EXERCISE BRIEF: Could you print the listing again exactly, omitting the pictures?

DATASET SECTION:
════════════════

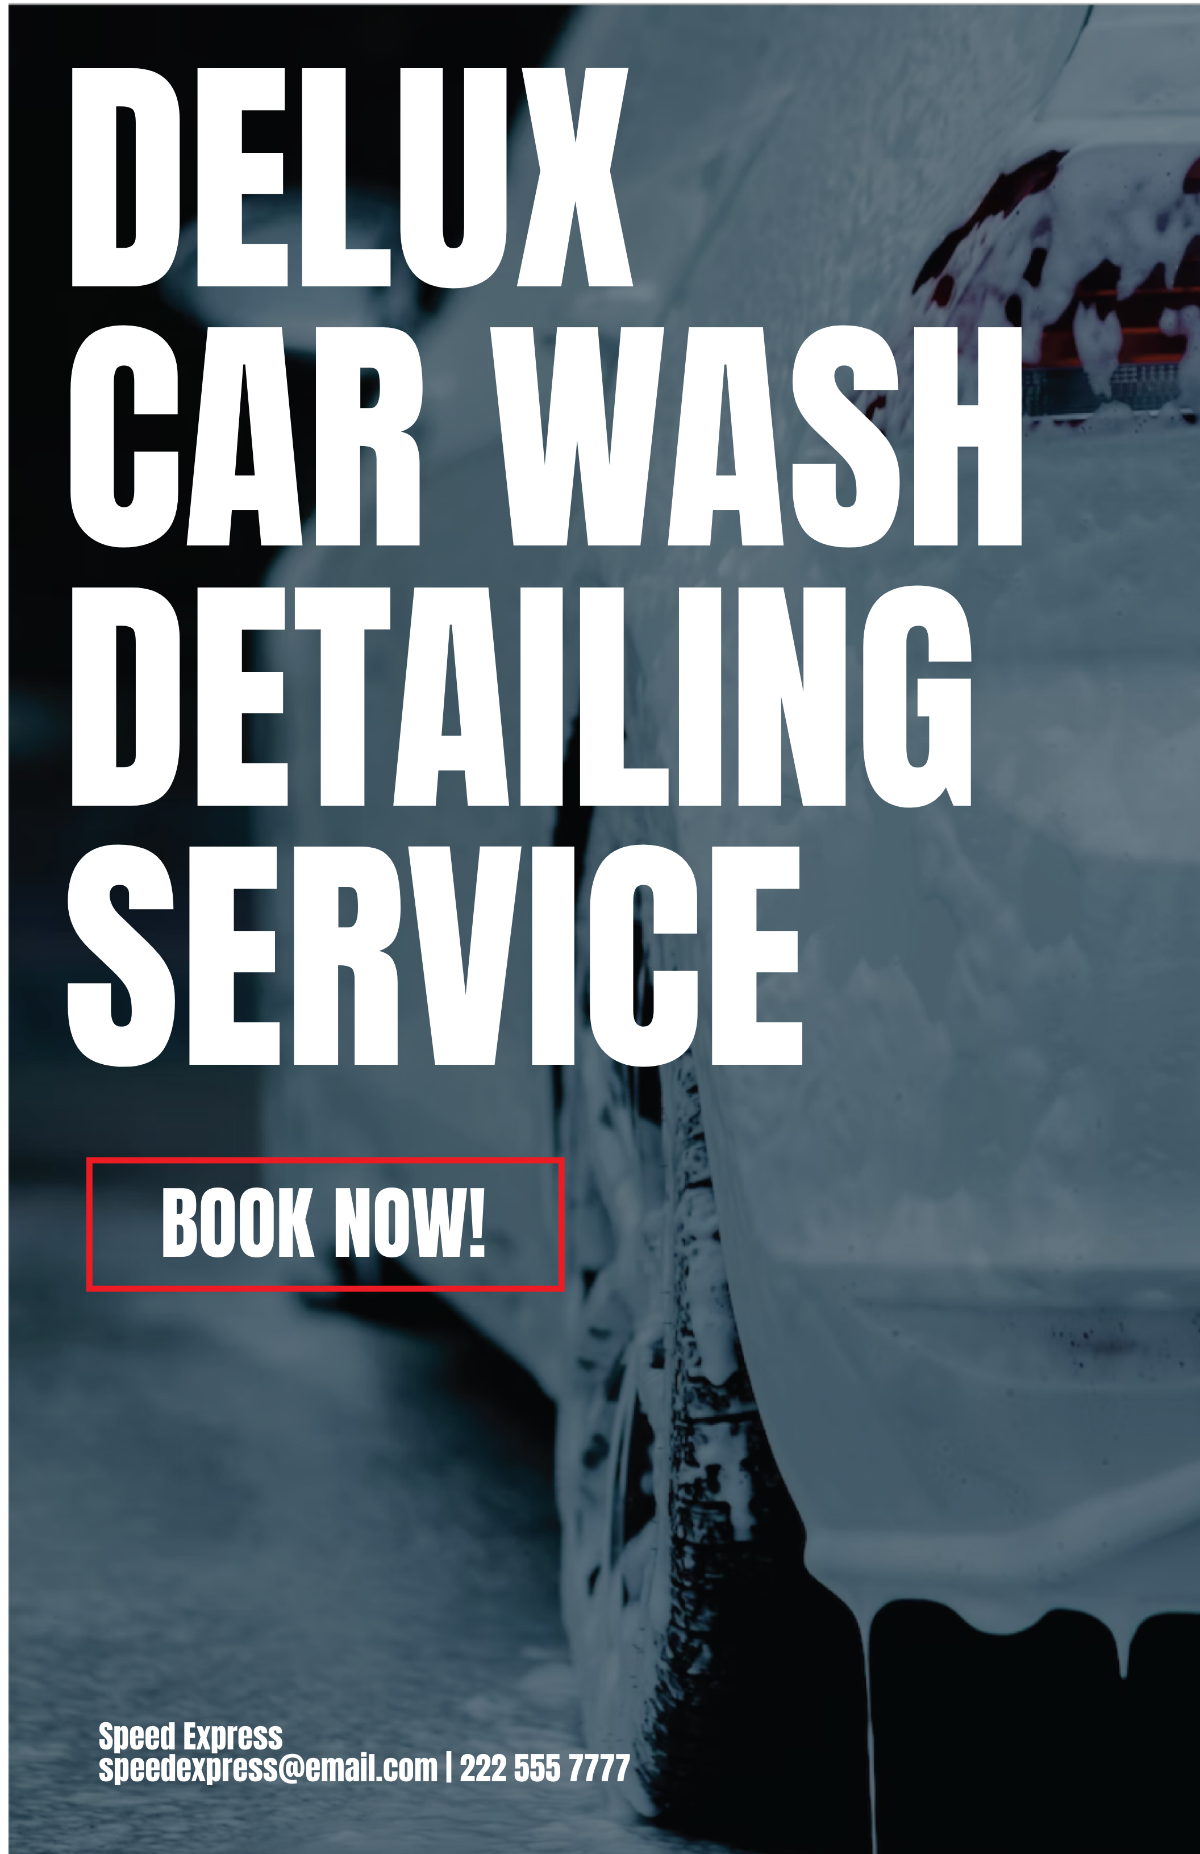 Free Car Wash Detailing Service Poster Template
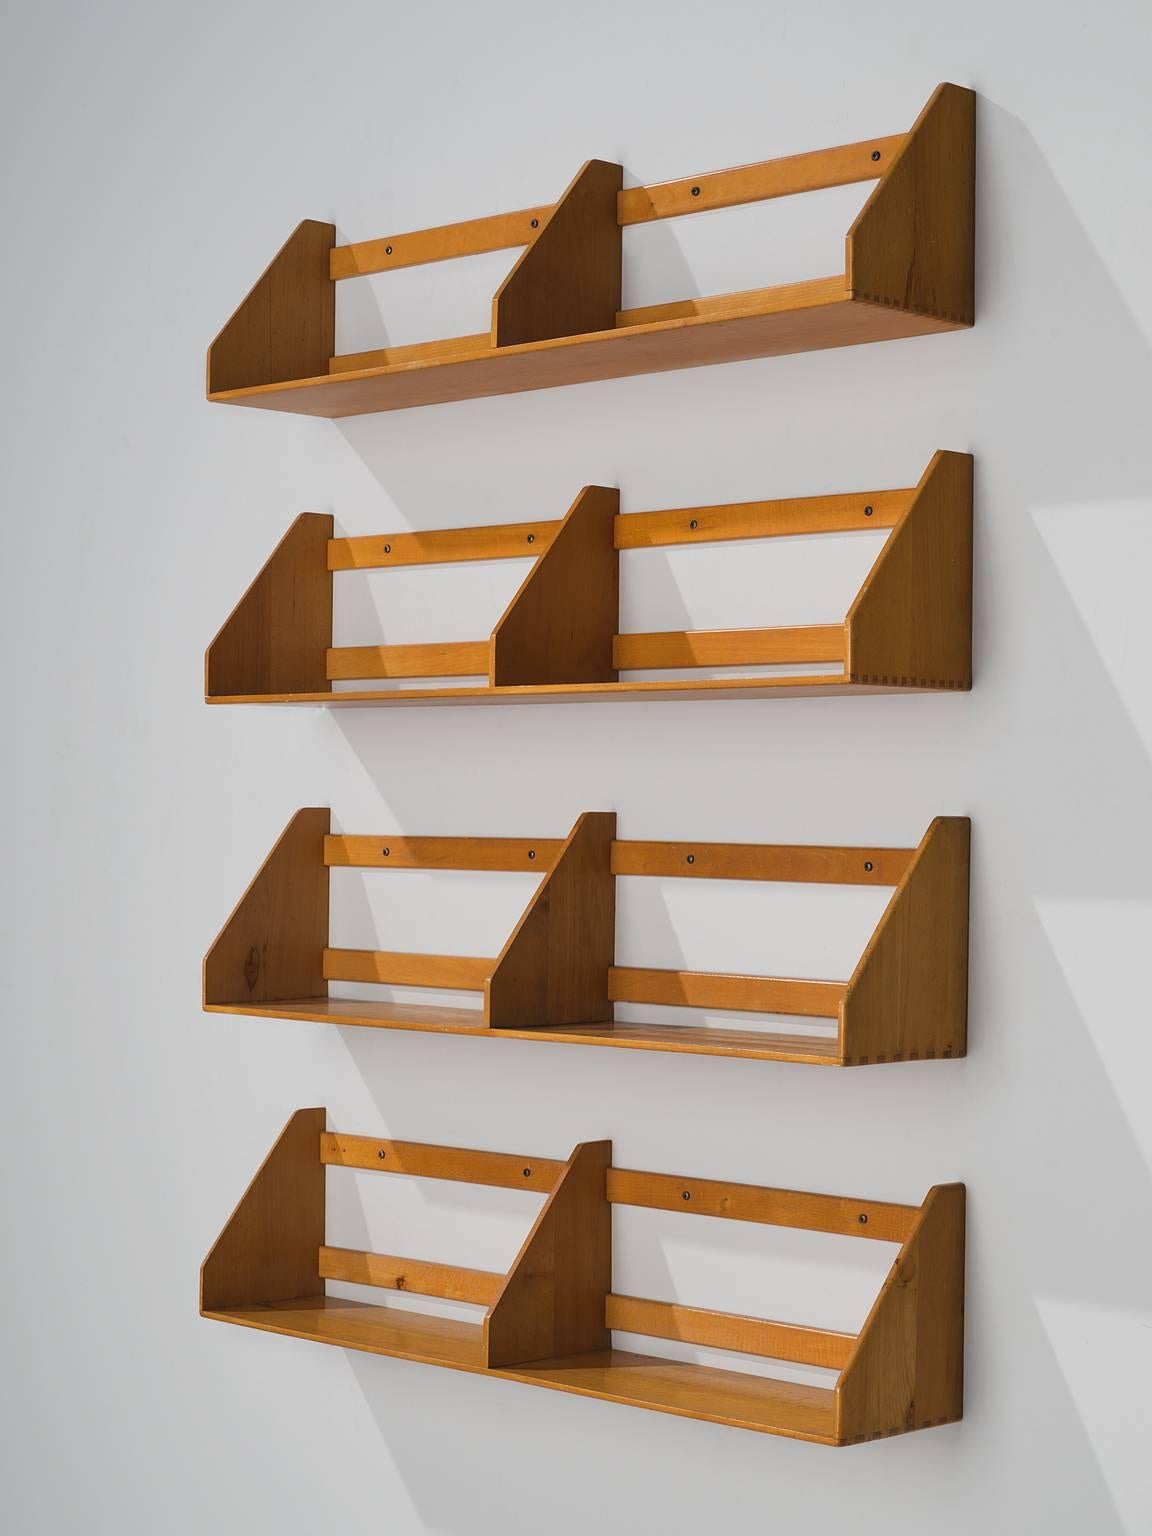 Børge Mogensen for FDB, B-5 shelves, beech, Denmark, 1950s.

This set of four bookshelves is executed in beech and is part of the midcentury design collection. The detailing in on the sides of the shelves is one of the distinctive parts as the
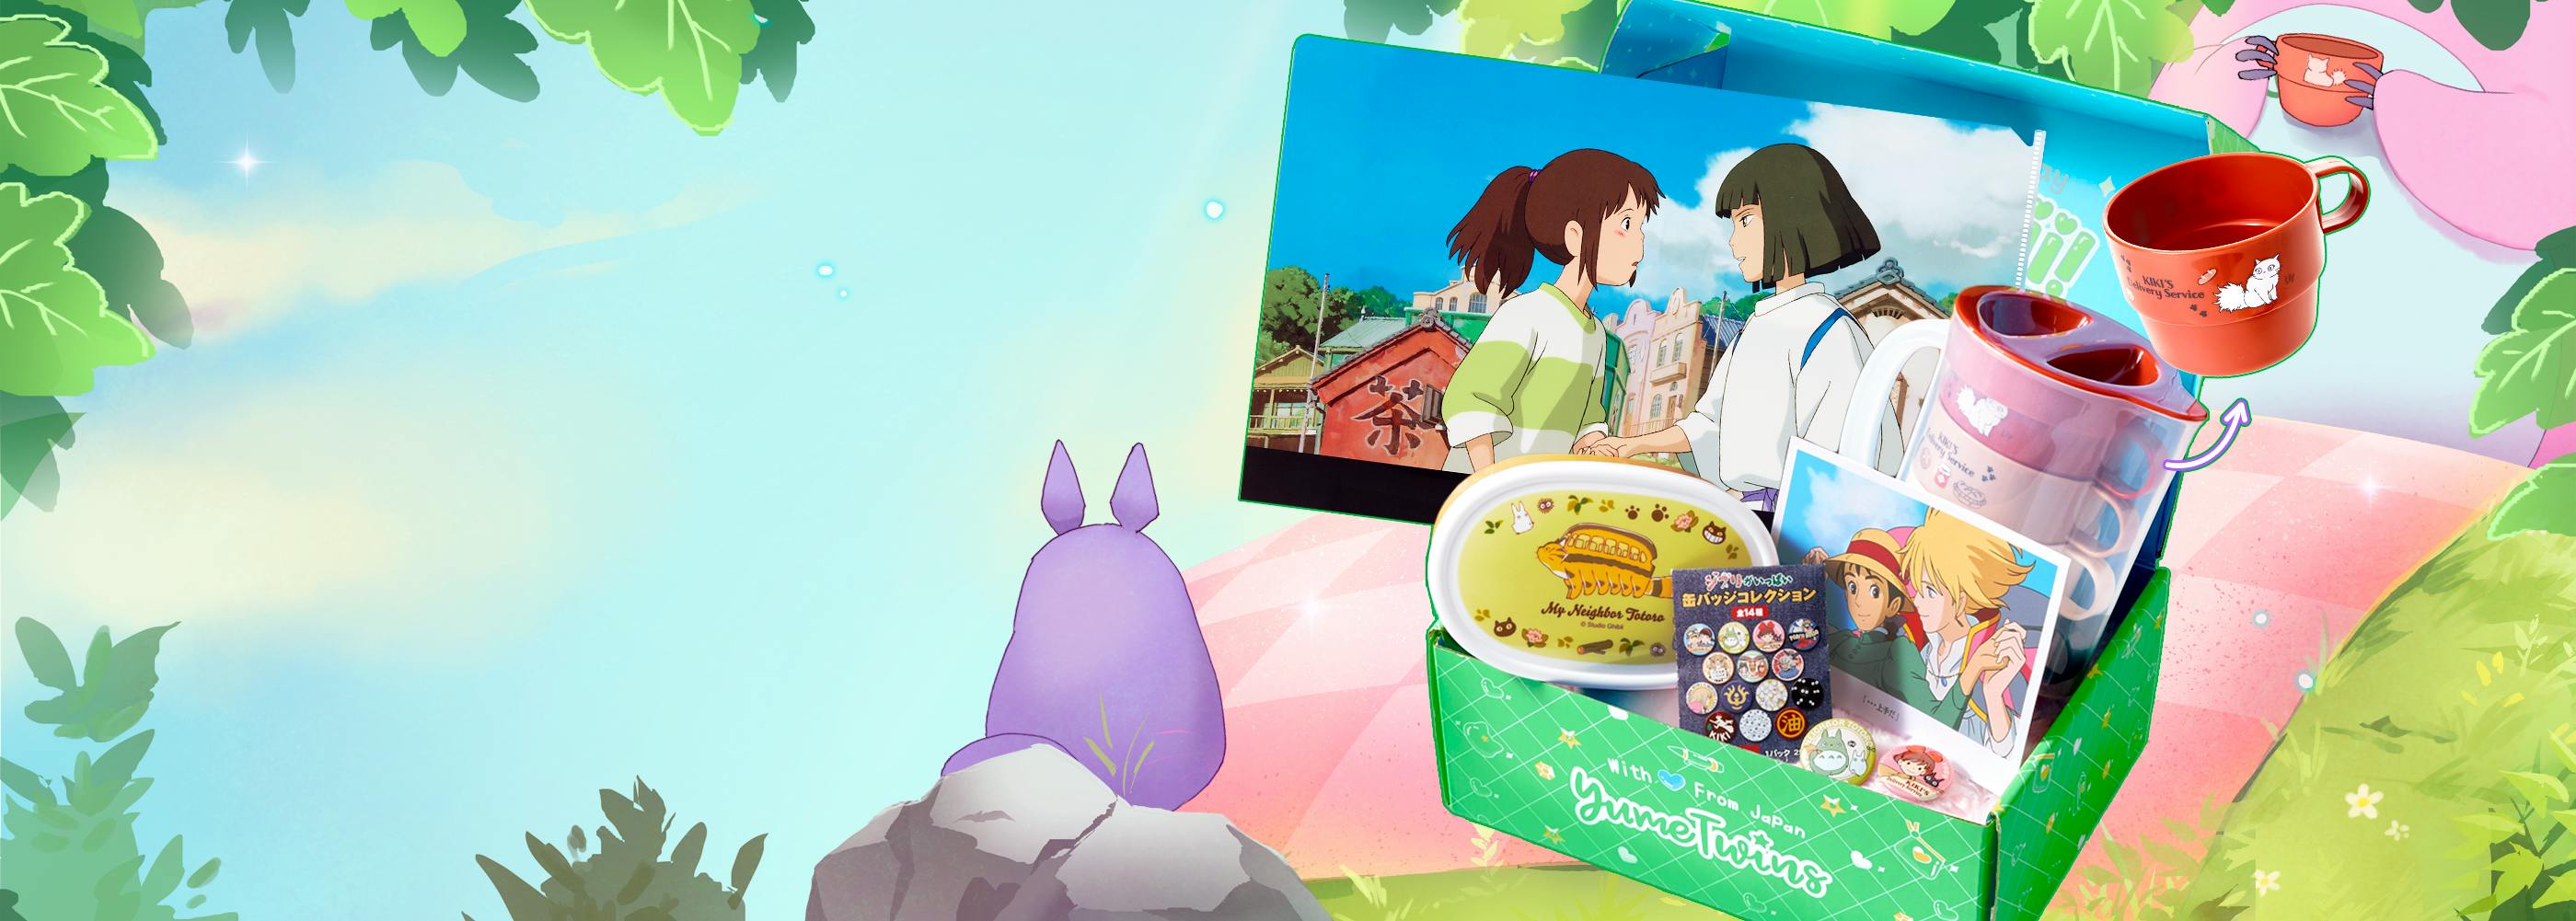 Sign up by August 15th to get your My Ghibli Journey box straight from Japan featuring Japan-exclusive Ghibli goodies.

════════════════

YOUR SOLUTION:
 Free Car Wash Detailing Service Poster Template
 Børge Mogensen for FDB, B-5 shelves, beech, Denmark, 1950s.

This set of four bookshelves is executed in beech and is part of the midcentury design collection. The detailing in on the sides of the shelves is one of the distinctive parts as the
 Sign up by August 15th to get your My Ghibli Journey box straight from Japan featuring Japan-exclusive Ghibli goodies.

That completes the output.